Holser Ronald A, List Gary R, King Jerry W, Holliday Russell L, Neff William E
New Crops and Oil Chemistry Research Units, National Center for Agricultural Utilization Research, Agricultural Research Service, U.S. Department of Agriculture, 1815 North University Street, Peoria, Illinois 61604, USA.
J Agric Food Chem. 2002 Nov 20;50(24):7111-3. doi: 10.1021/jf011406d.
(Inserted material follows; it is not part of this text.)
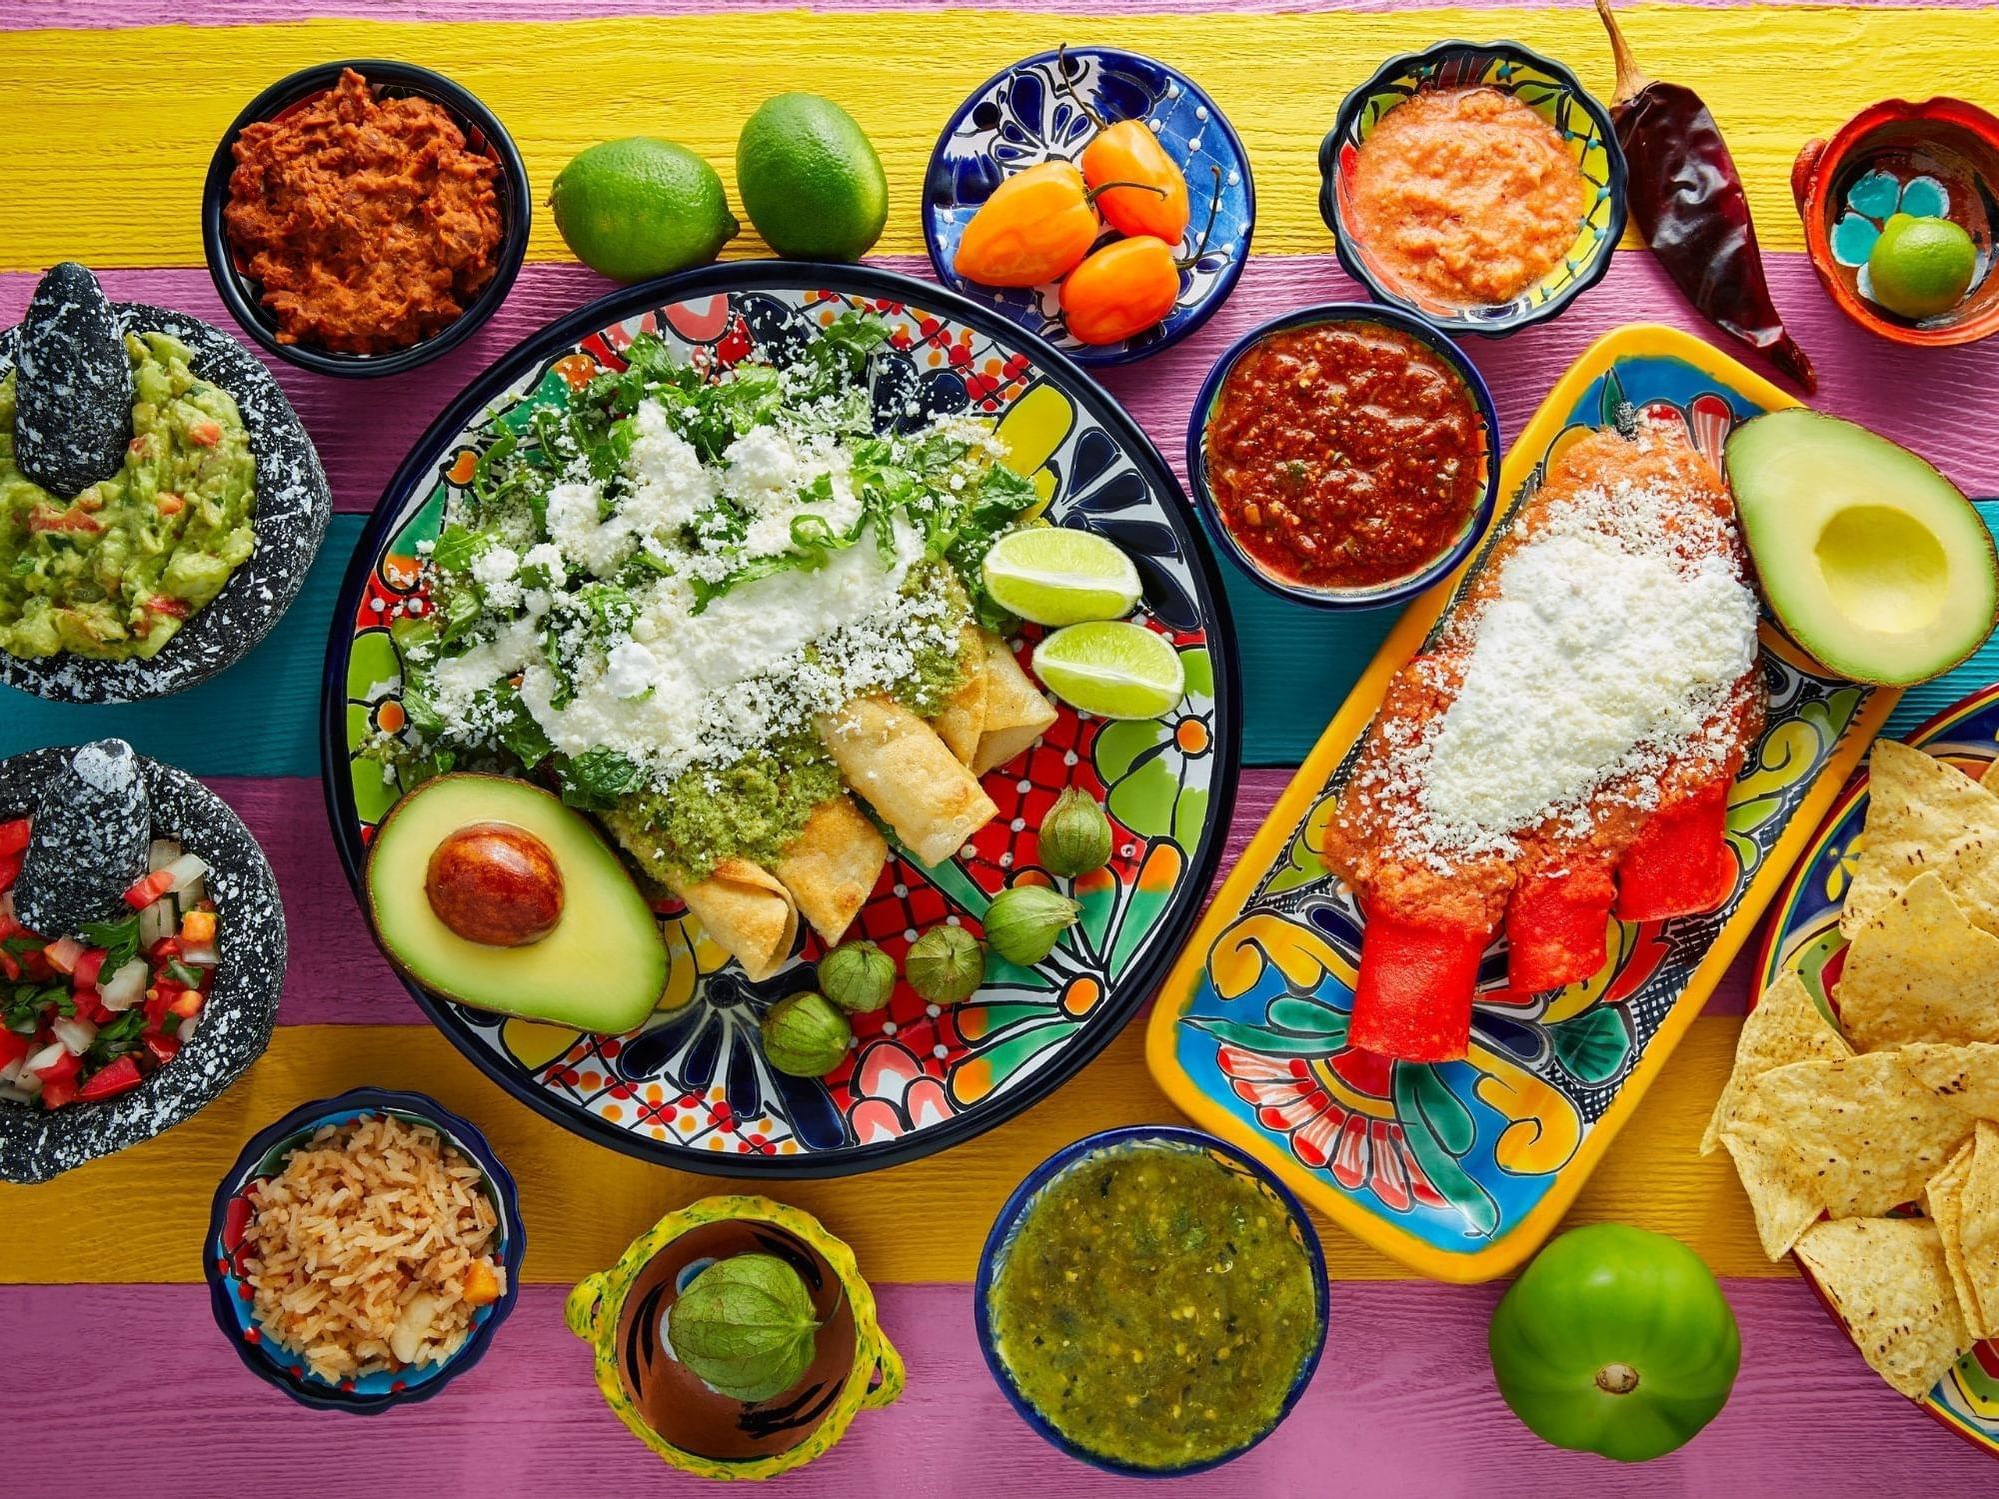 Colorful table with mexican food including enchildas and salsa
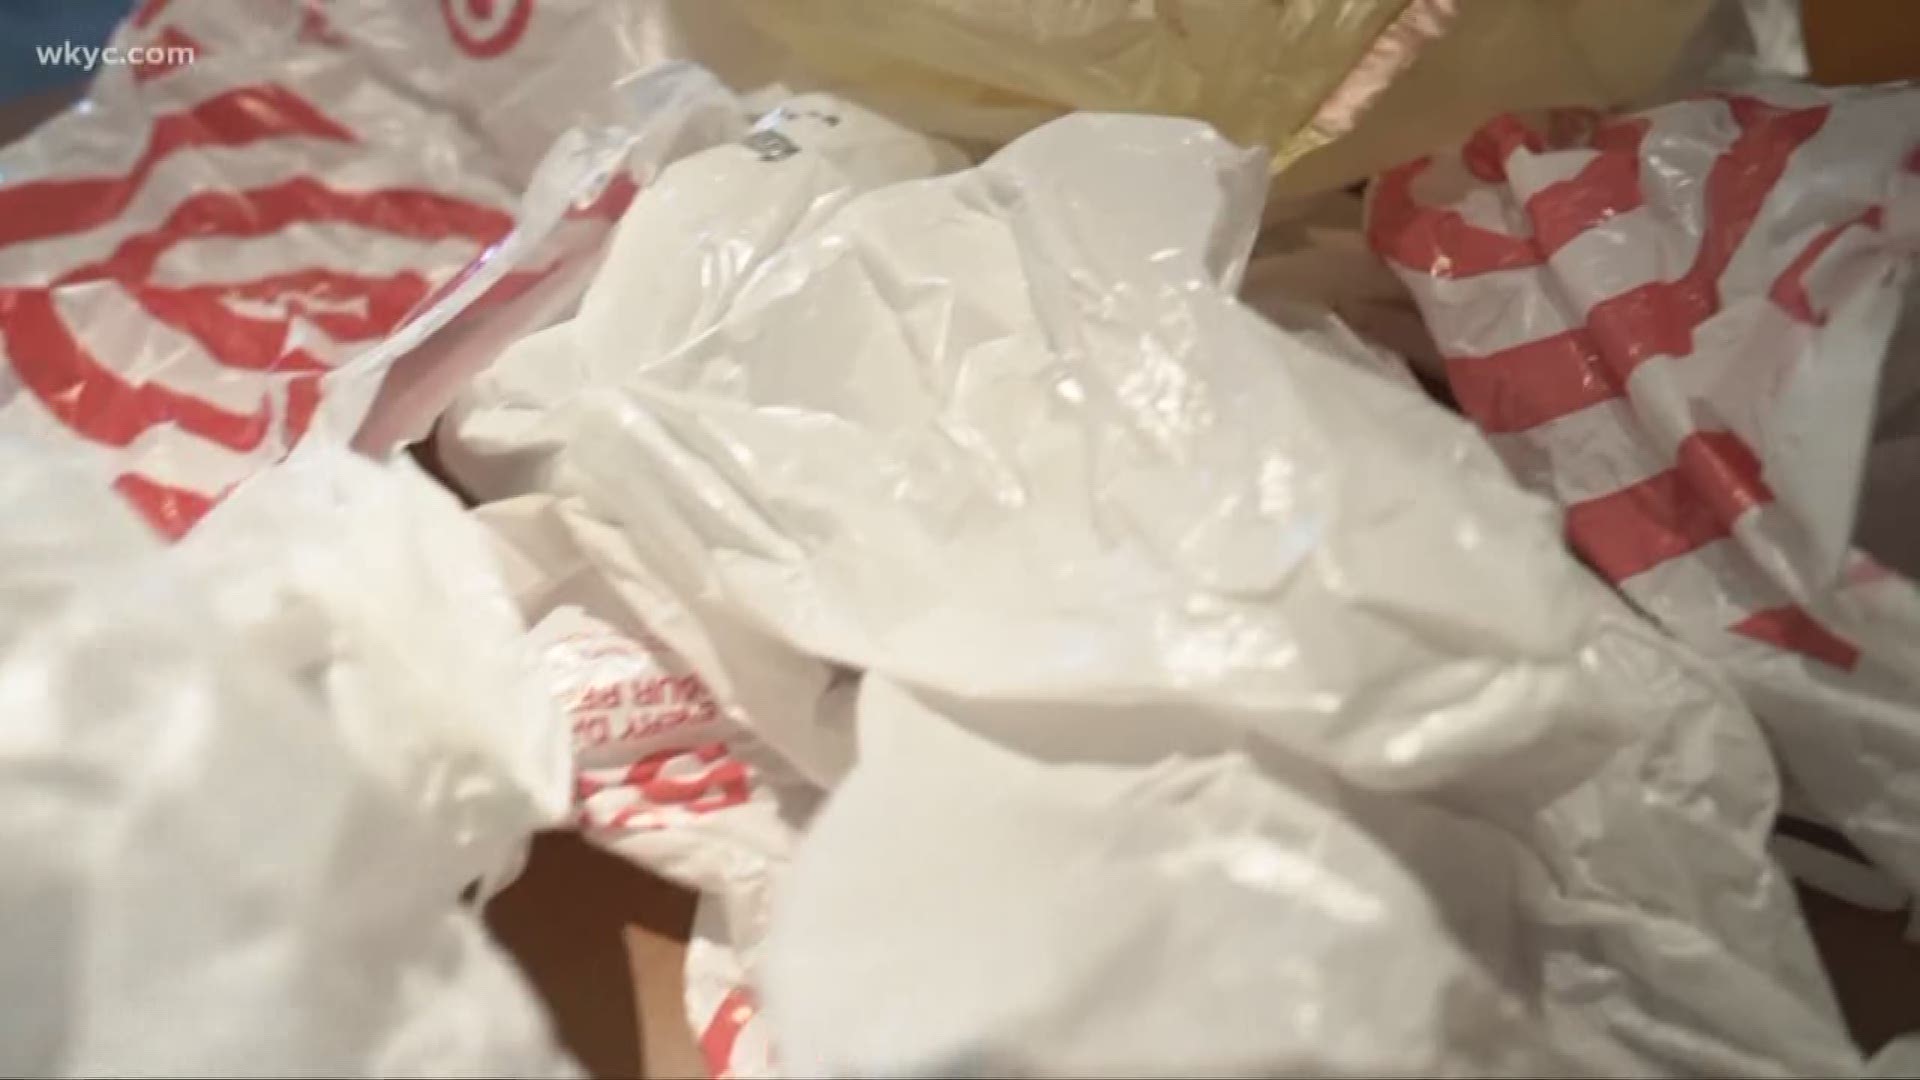 Banning plastic bags: How it could backfire, and how you can help

A mathematical model was developed to describe the reduction of soybean oil triglycerides during hydrogenation. The model was derived from reaction and transport mechanisms and formulated into a system of first-order irreversible rate expressions that included terms for temperature, hydrogen pressure, and catalyst concentration. The model parameters were estimated from experimental data, and the model was used to simulate the results of hydrogenation performed over the pressure range of 0.069-6.9 MPa. The model could be extended to include geometrical isomers formed during hydrogenation.
开发了一个数学模型来描述氢化过程中大豆油甘油三酯的还原。该模型源自反应和传输机制,并被公式化为一阶不可逆速率表达式系统,其中包括温度、氢气压力和催化剂浓度等项。模型参数由实验数据估算得出,该模型用于模拟在0.069 - 6.9 MPa压力范围内进行的氢化结果。该模型可扩展以纳入氢化过程中形成的几何异构体。